General characteristics
- Type: Armed yacht
- Displacement: 808 long tons (821 t)
- Length: 260 ft (79 m)
- Beam: 28 ft (8.5 m)
- Draught: 13 ft (4.0 m)
- Speed: 12 knots (22 km/h; 14 mph)
- Complement: 50
- Armament: 1 × 4-inch (102 mm) naval gun

= HMCS Beaver =

HMCS Beaver was an armed yacht that served in the Royal Canadian Navy during the Second World War. Originally named Aztec, the yacht was requisitioned for service in the United States Navy during the First World War under the same name. Returned to her owner in 1919, the yacht was laid up in 1931 following her owner's death. The vessel was purchased via a third party for service in the Royal Canadian Navy and after commissioning, Beaver was primarily used as a training ship with limited time as a patrol vessel. Following the war she was sold in 1946 and broken up for scrap in 1956.

==Description==
As initially constructed, the yacht had a gross register tonnage (GRT) of 848 and was powered by a triple expansion steam engine driving two shafts. This gave the vessel a maximum speed of 16 kn. As an armed yacht in Canadian service, Beaver had a displacement of 808 LT, was 260 ft long overall with a beam of 28 ft and a draught of 13 ft. The vessel had a maximum speed of 12 kn and was armed with one 4 in naval gun, an ASDIC set and depth charges. Beaver had a complement of 5 officers and 45 crew.

==Service history==

===Construction and early career===
Aztec was constructed by Crescent Shipyard at Elizabeth, New Jersey with the yard number 99 and launched in 22 April 1902. Owned initially by Albert C. Burrage, the vessel was leased by the United States Navy during the First World War. The yacht was acquired by the United States Navy on 29 June 1917 and placed in commission on 30 June 1917.
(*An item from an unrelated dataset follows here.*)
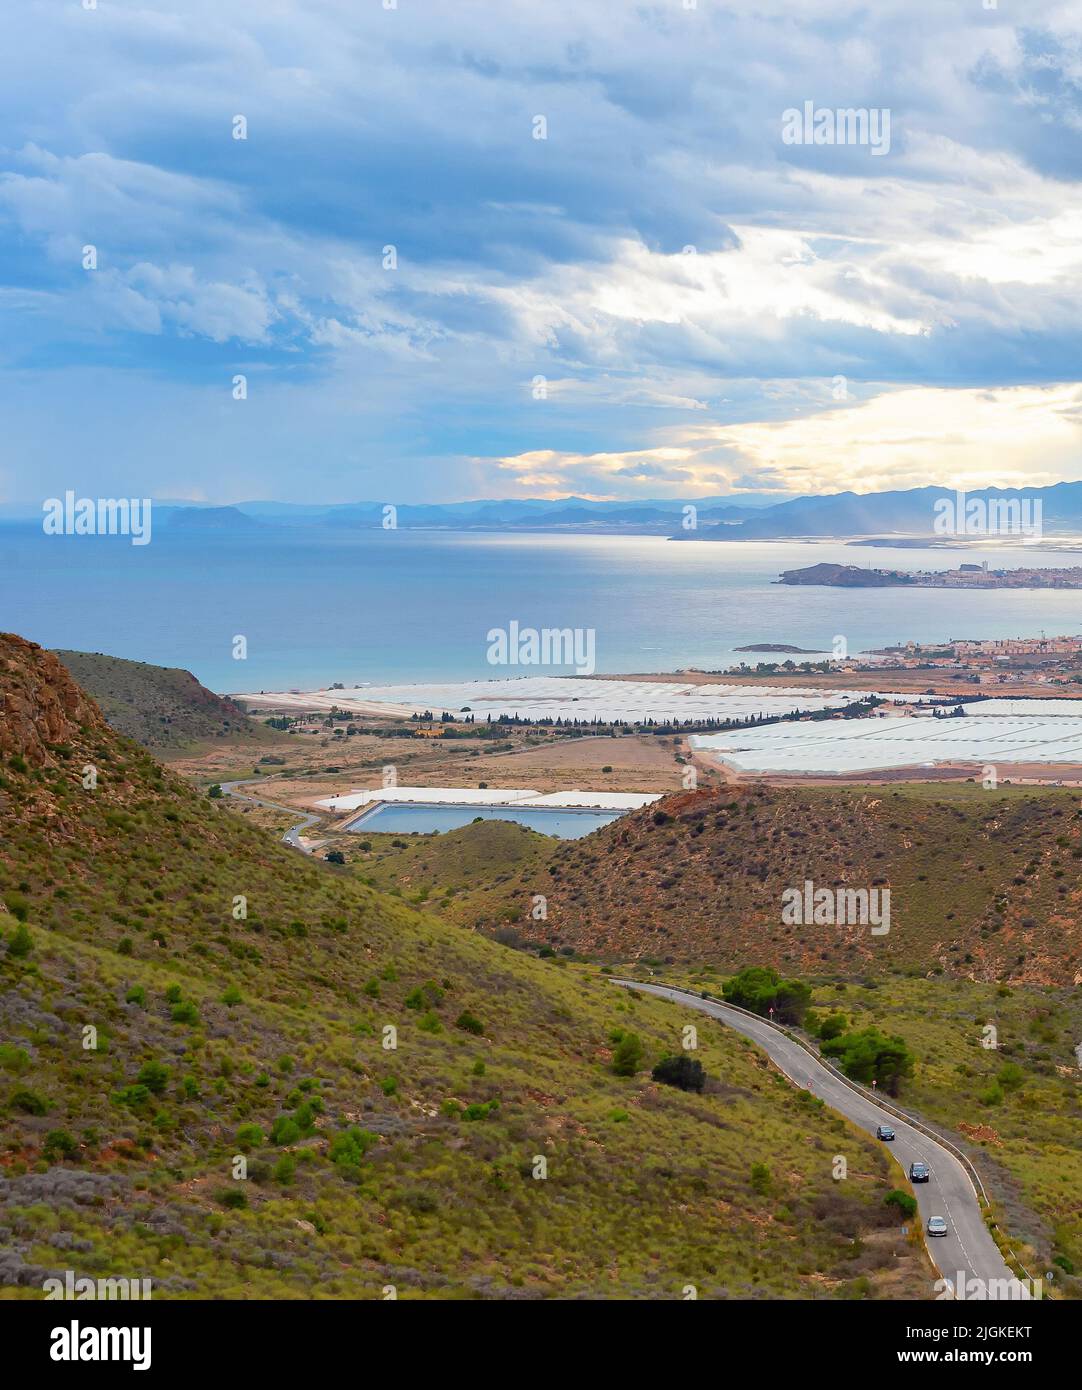 Paisaje con montañas y pueblo en vista costera bajo cielo tormentoso, al sur de España Foto de stock

The yacht was overhauled and upon completion, was assigned to the 1st Naval District based at Boston, Massachusetts and designated the flagship. Aztecs duties comprised naval facilities inspections and escorting submarines from Boston to New London, Connecticut, and troopships to Halifax, Nova Scotia. The vessel also patrolled the Grand Banks off Newfoundland. Aztec was decommissioned on 15 March 1919 and returned to A.C. Burrage on 7 August 1919. Aztec remained in Burrage's possession until his death in 1931. Following his death, the yacht was laid up at Boston and remained there until 1940.

===Canadian service===
After failing to acquire any British vessels at the outset of the Second World War for auxiliary purposes, the Royal Canadian Navy discreetly searched the American market for suitable ships. However, American law prevented the sale of ships for possible use in the war to any of the belligerents. The Canadian Navy requisitioned unsuitable Canadian yachts and had their respective owners go the United States and buy those ships the Navy wanted as replacements. Once the ships arrived in Canada, the navy then returned the original yachts and requisitioned the new ones. Aztec was one such ship and was acquired by the Royal Canadian Navy on 28 May 1940.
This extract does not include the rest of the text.